Notes

NeRF

  • what are NeRFs?

    NeRFs are a type of network used to generate unseen views of an object using the seen views as the dataset. The model takes a 5D(3d coordinates,camera angles) input and then outputs a 4D(rgb color, densoty) vector.

  • Sampling Inputs

    The 3 dimensinal coordinates that has to be passed into the neural network is sampled using a ray casting algorithm. The algorithm is as follows:

    1. Cast a ray from a pixel of the image to the object.
    2. Sample points along the ray.
    3. Pass the sampled points to the network.

    Image alt

    Code:

    def compute_rays(height,width,focal_length,cam2world):
        x ,y = tor_to_meshgrid(
            torch.arrange(width).to(cam2world),
            torch.arrange(height).to(cam2world)
        )
        directions = torch.stack(
            [(x - width*0.5)/focal_length,
            (y - height*0.5)/focal_length,
            torch.ones_like(x)]
        )
        ray_o = torch.broadcast_to(
            cam2world[:3,-1],
            directions.shape
        )
        ray_dir = torch.sum(
            directions[...,None,:] * cam2world[:3,:3],
            dim=-1
        )
        return rays_o,ray_dir   
    

    This function returns all the points on the image and it’s direction vector. The points are then sampled using the following function:

    def compute_query_points(
        ray_directions,
        ray_origins,
        near,
        far,
        num_samples,
        random=True):
        depth_values = torch.linspace(near,far,num_samples).to(ray_origins)
        if random:
            shape = list(depth_values.shpae[:,-1]) + [num_samples]
            depth_values = depth_values \
             + torch.rand(shape).to(ray_origins) * (far - near)/num_samples
        query_points = ray_origins[...,None,:] \
         + ray_directions[...,None,:]*depth_values[...,None,:]
    
        return query_points, depth_values 
    
  • Archeitecture

    Image alt

    The network is a fully connected network with 8 layers. The input to the network is a 5D vector and the output is a 4D vector. The network is trained using a loss function which is the sum of the MSE of the rgb color and the density. The network is trained using the Adam optimizer.

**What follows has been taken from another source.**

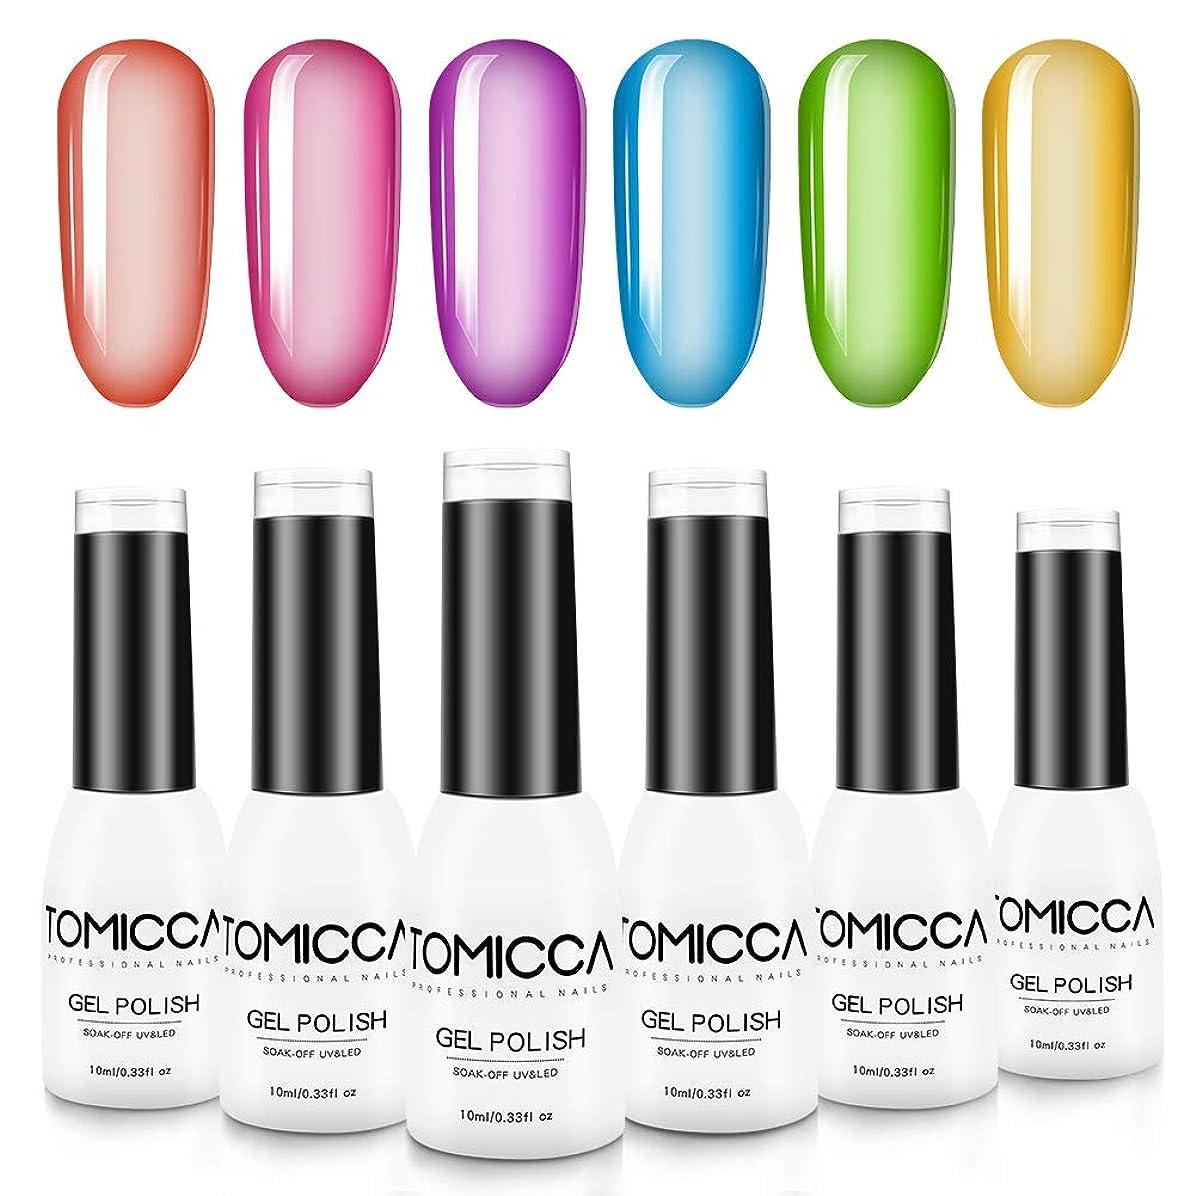 バイオリニストスチール磁気TOMICCA ジェルネイル カラー 6色セット 10ml ピンキーカラー 色持ち良い 可愛い 初心者用カラージェル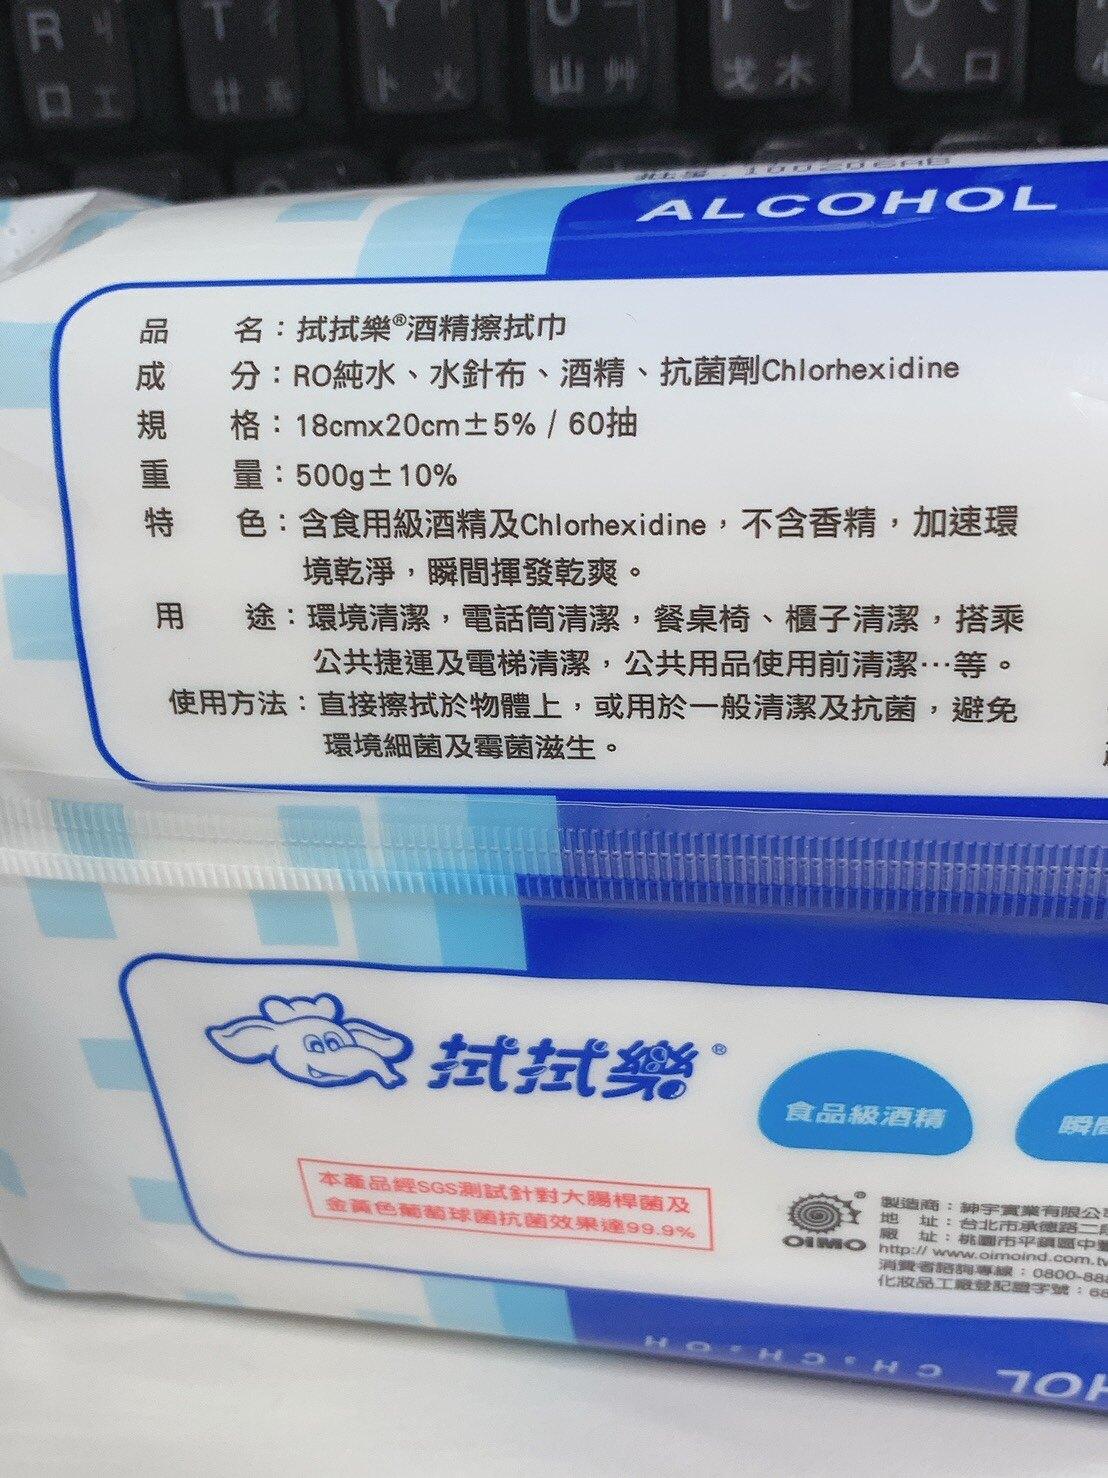 酒精 擦拭巾 拭拭樂 60抽 抗菌 無香精 瞬間抗菌 超大 超厚

    The PyTorch model looks like follows:

    class NeRF(nn.Module):
        def __init__(self,out_channel=128,num_encoding_functions=6):
            super(NeRF,self).__init__()
            self.layer1 = nn.Linear(3 + 3*2*num_encoding_functions,out_channel)
            self.layer2 = nn.Linear(out_channel,out_channel)
            self.layer3 = nn.Linear(out_channel,4)
            self.relu = nn.ReLU()
    
        def forward(self,x):
            x = self.relu(self.layer1(x))
            x = self.relu(self.layer2(x))
            out = self.layer3(x)
            return out
    
  • Training and rendering the output

    One important thing to notice here is that we have to positional encode the input features to a higher frequency because ML models typically are good at learning higher frequency features.

    Embryo training dataset

    Image alt

    Inference Embryo reconstructed and depth plots

    Image alt